From Friday, households will be hit by a barrage of bill, tax and price hikes – plunging the country into the worst cost-of-living crisis for more than half a century.
April marks the arrival of a series of money pressures, including a 54 per cent surge in energy costs, the new National Insurance levy and bigger council tax bills.
Chancellor Rishi Sunak’s Spring Statement last week offered some reprieve as he saved thousands of people from the new National Insurance hike (although not until July).
Bills tsunami: April marks the arrival of a series of money pressures, including a 54% surge in energy costs, the new National Insurance levy and bigger council tax bills
But money experts and campaigners have warned that government support will simply not be enough.
Inflation is forecast to hit 9 per cent this year and, with wages failing to keep up, economists are warning Britain is heading for the worst fall in living standards since the 1950s.

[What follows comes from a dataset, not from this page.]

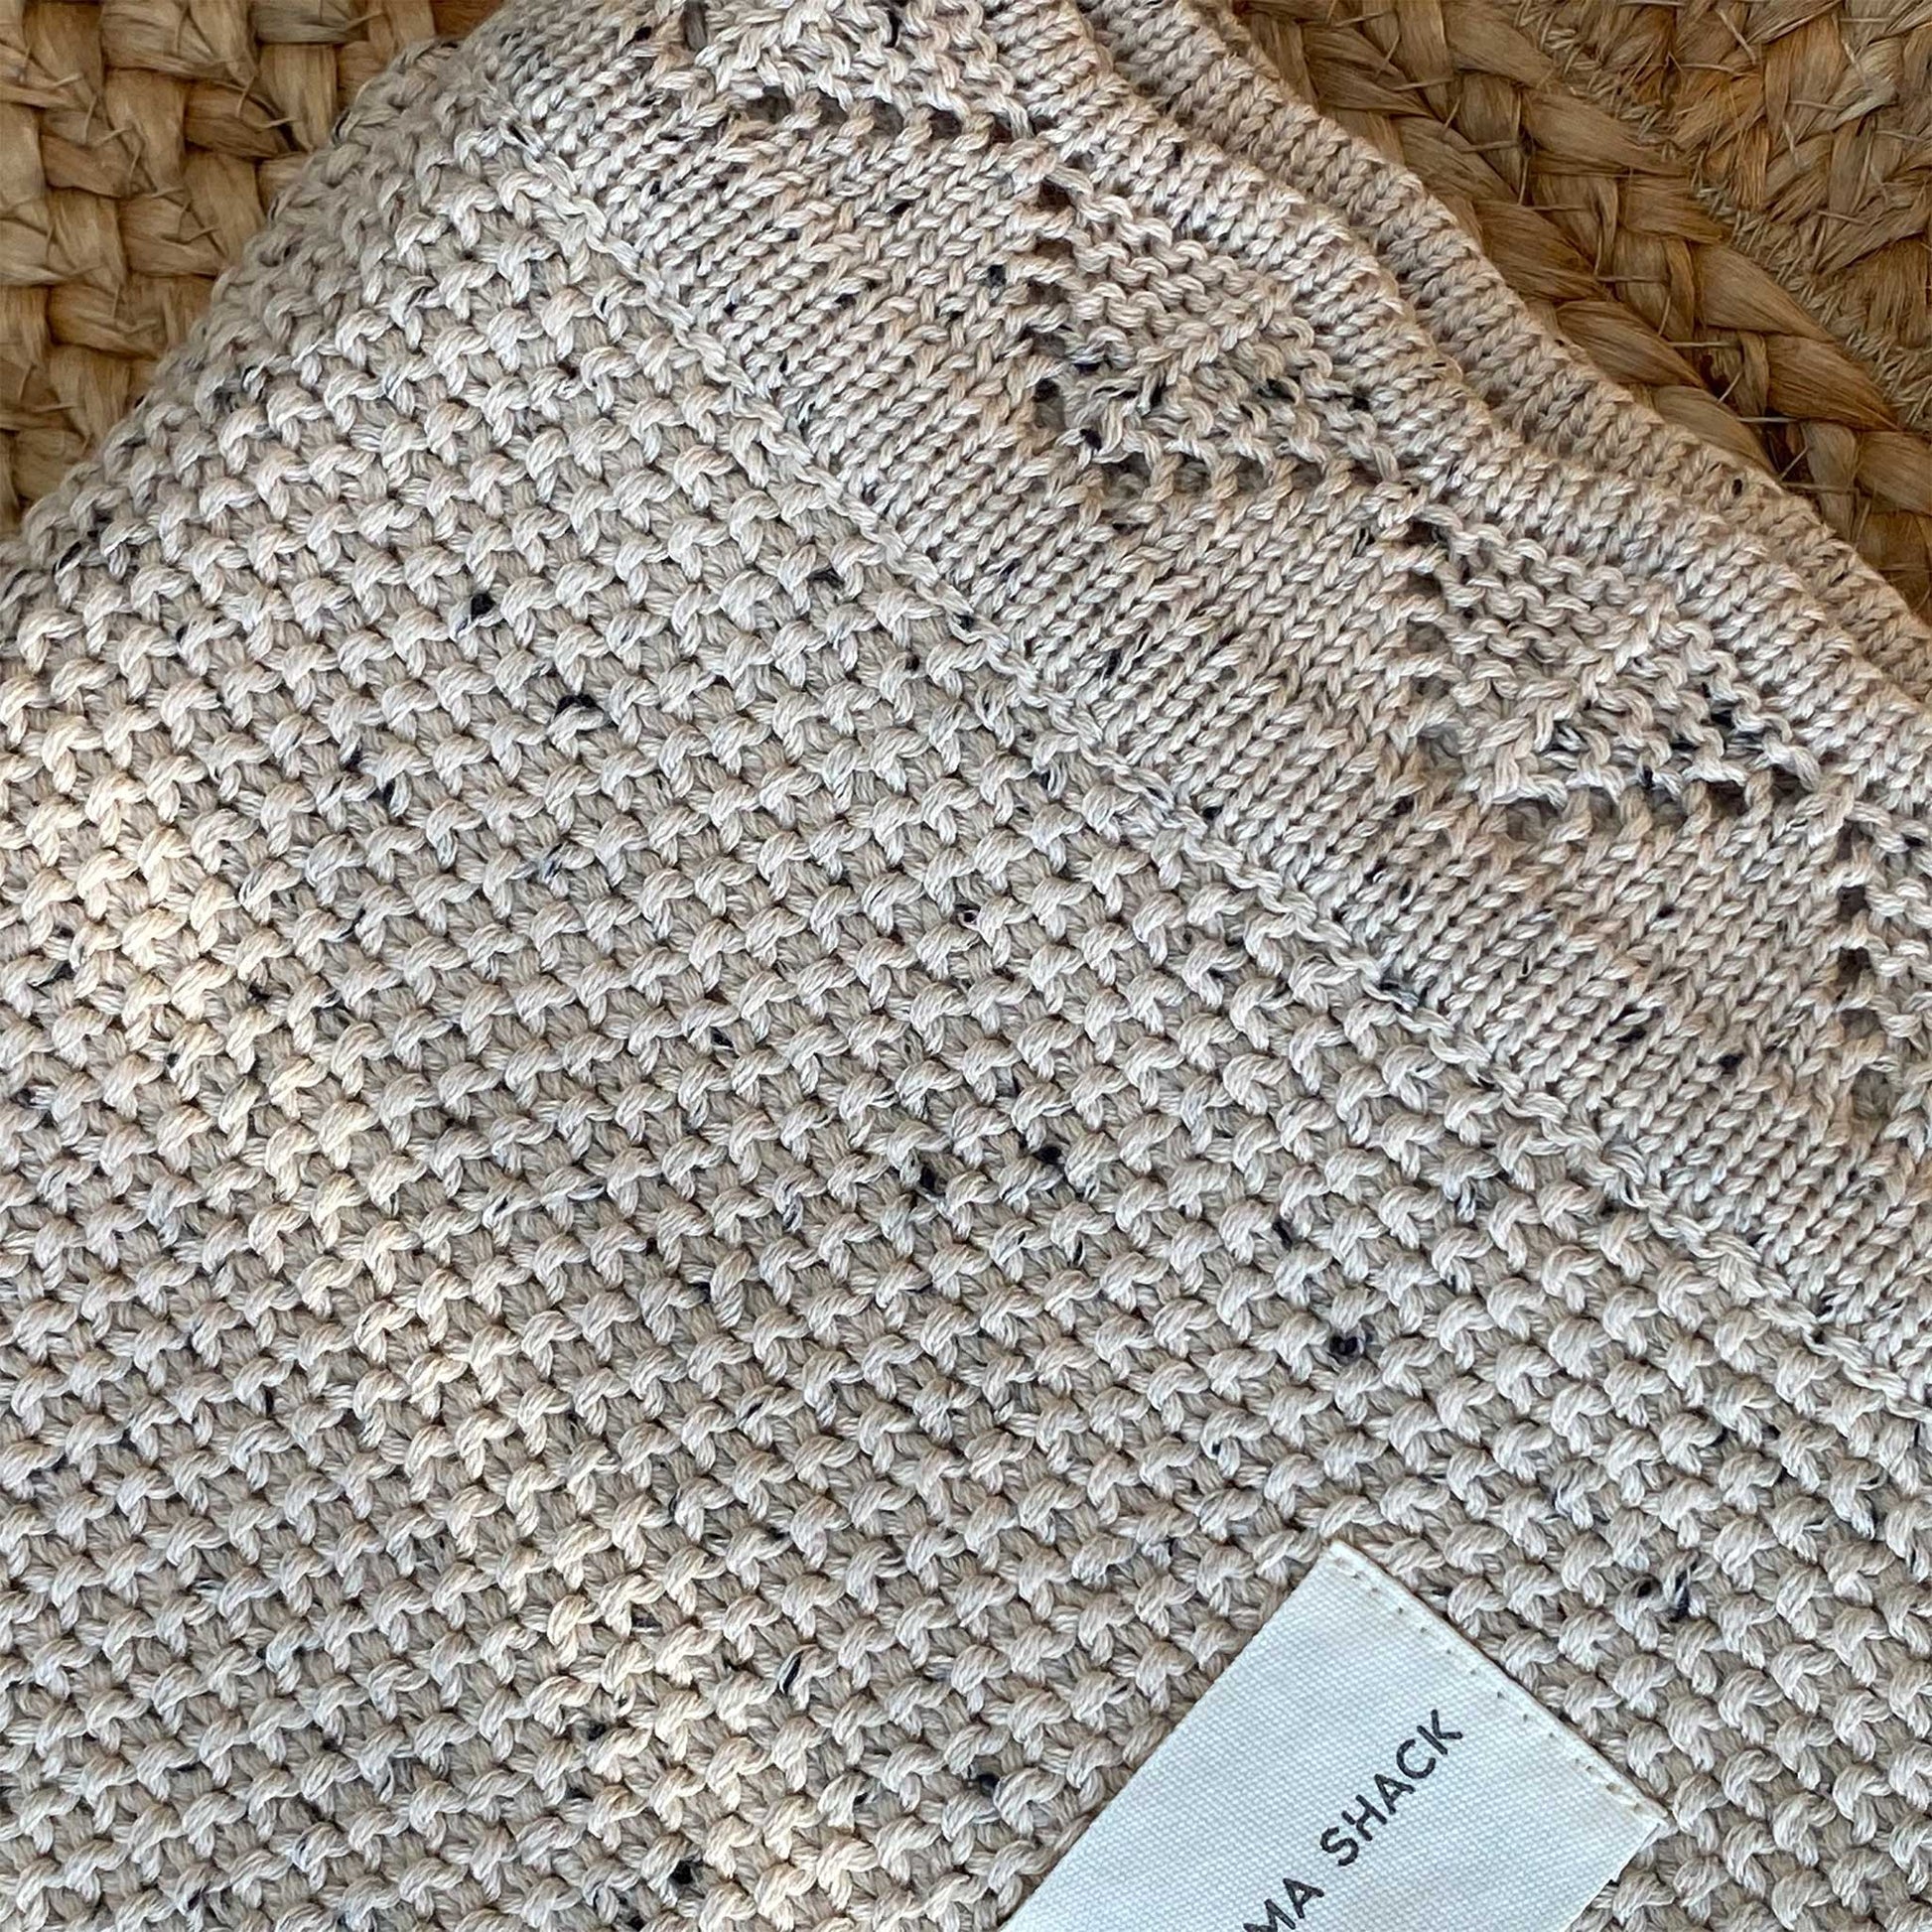 Vintage Knitted Blanket - Speckled Latte
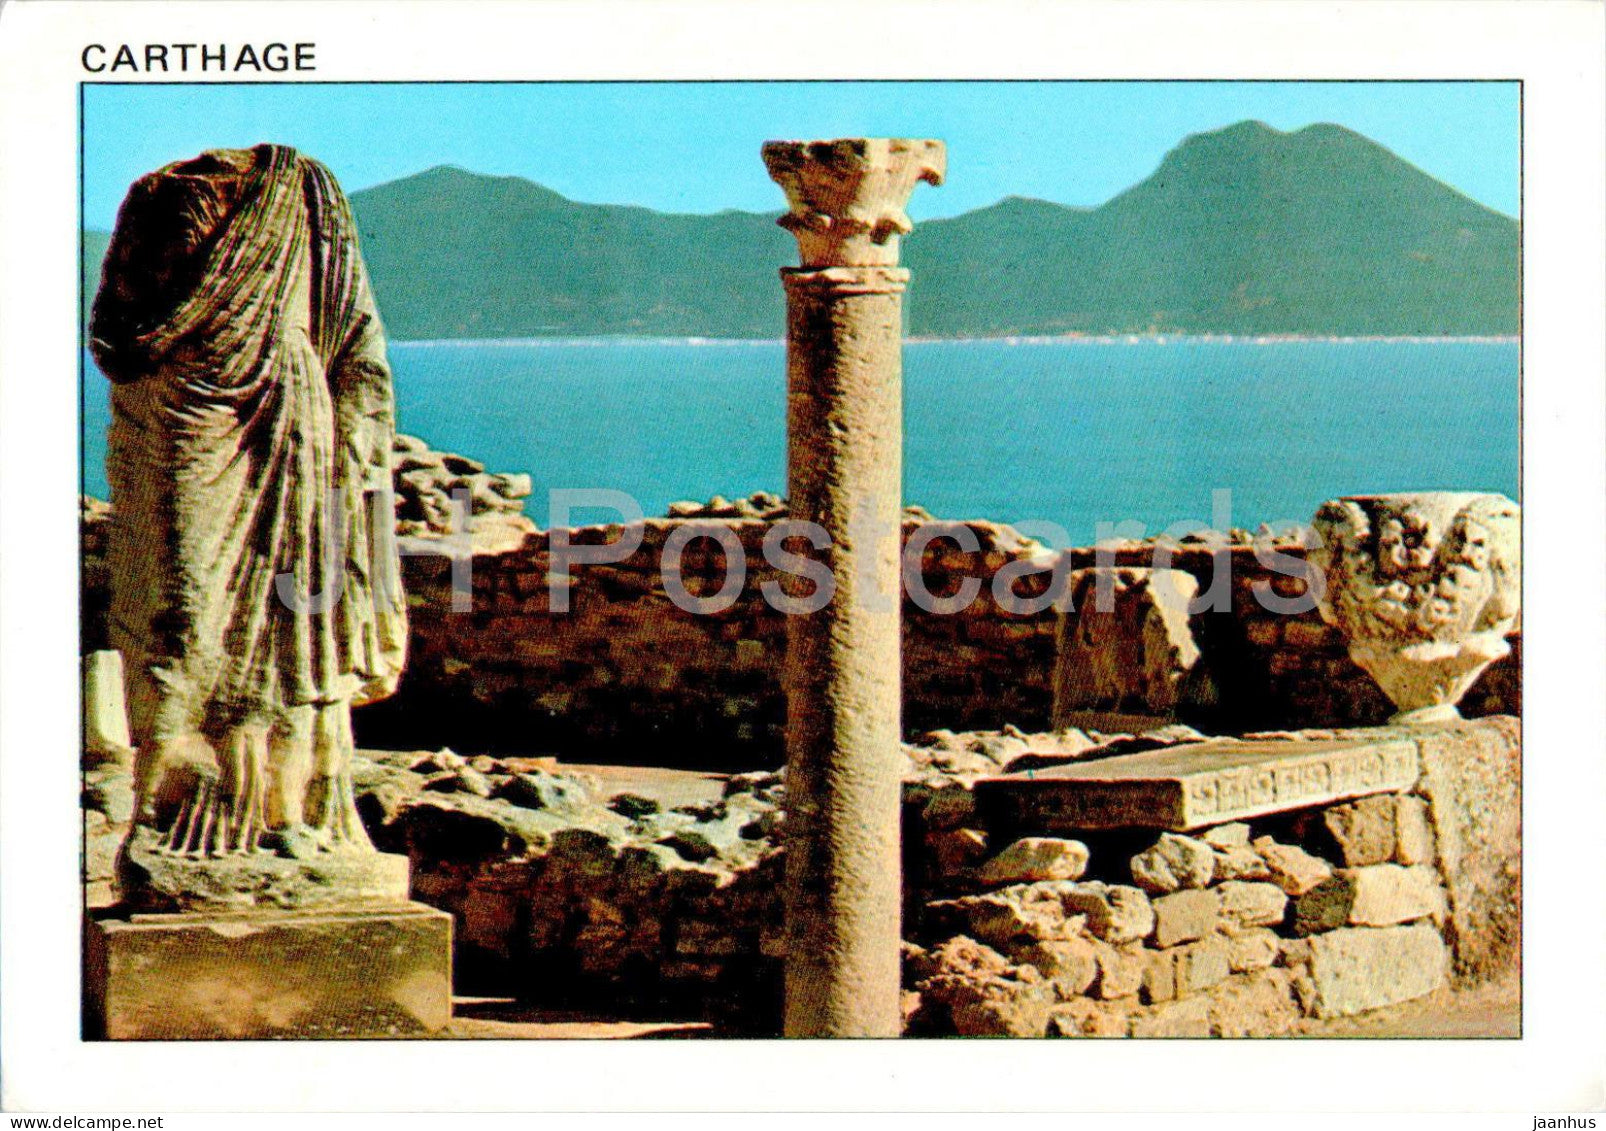 Carthage - l'Antiquarium - Antiquarium - ancient world - 51 - Tunisia - used - JH Postcards

So today, as awful April approaches, Money Mail sets out the ways in which you will feel the squeeze, and what you can do to protect your cash from the crunch.
Power bill surge
The energy price crisis is about to inflict the biggest hit on already cash-strapped households.
From April 1, the cap on energy prices will soar by 54 per cent from £1,277 to £1,971 a year for the average household.
Despite pressure to announce more help with energy bills, the Chancellor did not reveal any further measures in his Spring Statement on top of the £200 energy bill clawback scheme and a £150 council tax rebate for some households.
He did reveal that VAT would be removed from energy-saving solar panels and heat pumps, which he said would save households £1,000 on average.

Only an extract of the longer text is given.